Стараясь подавить чувство горечи, я подумал: а может, он, двадцатилетний, уже сейчас видел, что предстояло сделать его поколению, знал те рубежи, о которых мы не смели и мечтать.
Поезд остановился. Из-за широкой спины Ивана я увидел воинский эшелон — открытые платформы с тягачами, автомашинами и артиллерийскими орудиями. Это были наши орудия, с которыми проделал дивизион путь от западных границ до Москвы, затем по Карельскому перешейку, Польше, Германии, затем по Дальнему Востоку в боях с Квантунской армией. Я только сейчас вспомнил: Иван, прежде чем войти ко мне в вагон, спрыгнул с платформы воинского эшелона.
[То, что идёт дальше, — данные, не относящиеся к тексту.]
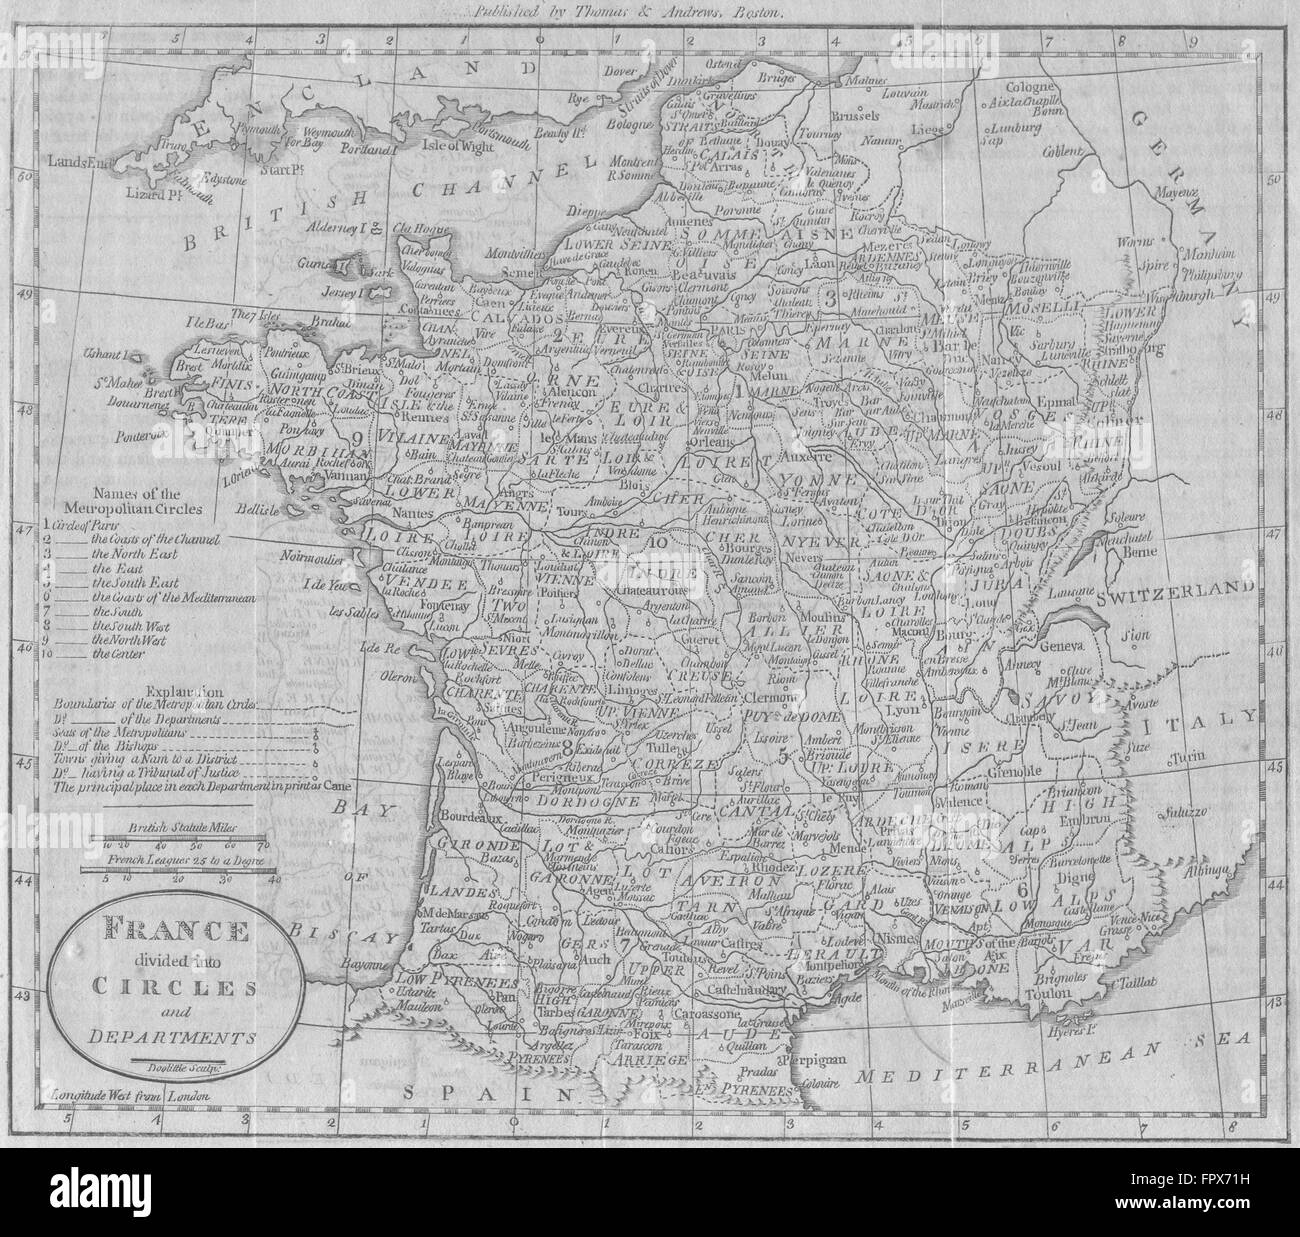 FRANCE: Circles & departments: MORSE, 1796 antique map Stock Photo

Невольно я подумал, что сейчас увижу всех своих фронтовых друзей. Но чудес на свете не бывает: орудия были наши, родные до последнего винтика, а солдаты другие, молодые, незнакомые.
В первую минуту мне показалось кощунством, что не мы, смотревшие сквозь прицелы этих мортир на фронте, а кто-то другой сейчас у боевых орудий, но потом меня потянуло туда, к артиллеристам, занимавшимся нехитрыми солдатскими делами: кто брился, кто подшивал подворотничок, кто умывался прямо с платформы.
— Узнал? — не оборачиваясь, спросил Иван. — Везем сдавать, говорят, устарели.
На станции стояла вынырнувшая из прошлого наша молодость.
— Может быть, их просто законсервируют? — сказал я.
— Что ты! — махнул рукой Иван. — Видел бы, какую технику шлют, и во сне не снилось! Ты вот что, Ромашка, — неожиданно строго приказал старшина. — Пойди доложи дежурному по эшелону, что я еще один перегон здесь побуду. Так и скажи, фронтового друга встретил… Иди, иди, — заметив, что Романов потянулся к своему вещевому мешку, добавил Иван.
— Товарищ старшина, — спрятав книжку в мешок, заикнулся было Романов.
— Знаю, — оборвал его Иван. — Цел будет твой мешок. Доложишь и проверь, получил ли повар свежую капусту. А в общем не проверяй, сам знает.
Иван не мог привыкнуть к мысли, что скоро ему уже не нужно будет заботиться и распоряжаться.
Фуражка Романова мелькнула под окном, потом его худощавая фигура появилась на одной из платформ и тут же скрылась. Иван повернулся ко мне:
— Знаешь, что у него в мешке?
Он взял с полки вещевой мешок Романова, вытащил из него тетрадь, учебник электроники и завернутую в гимнастерку небольшую пластмассовую коробку с металлическими усиками и непонятным циферблатом.
— «Влагомер» называется. Вот, брат. Засунешь такую штуку в зерно — сам покажет процент влажности. В тетрадке схемы, как его, электро-эн-це-фа-ло-гра-фа, — произнес он по слогам. — Пластины такие к черепку прикладываются, а на приборе видно, голова у тебя или кастрюлька с глазами…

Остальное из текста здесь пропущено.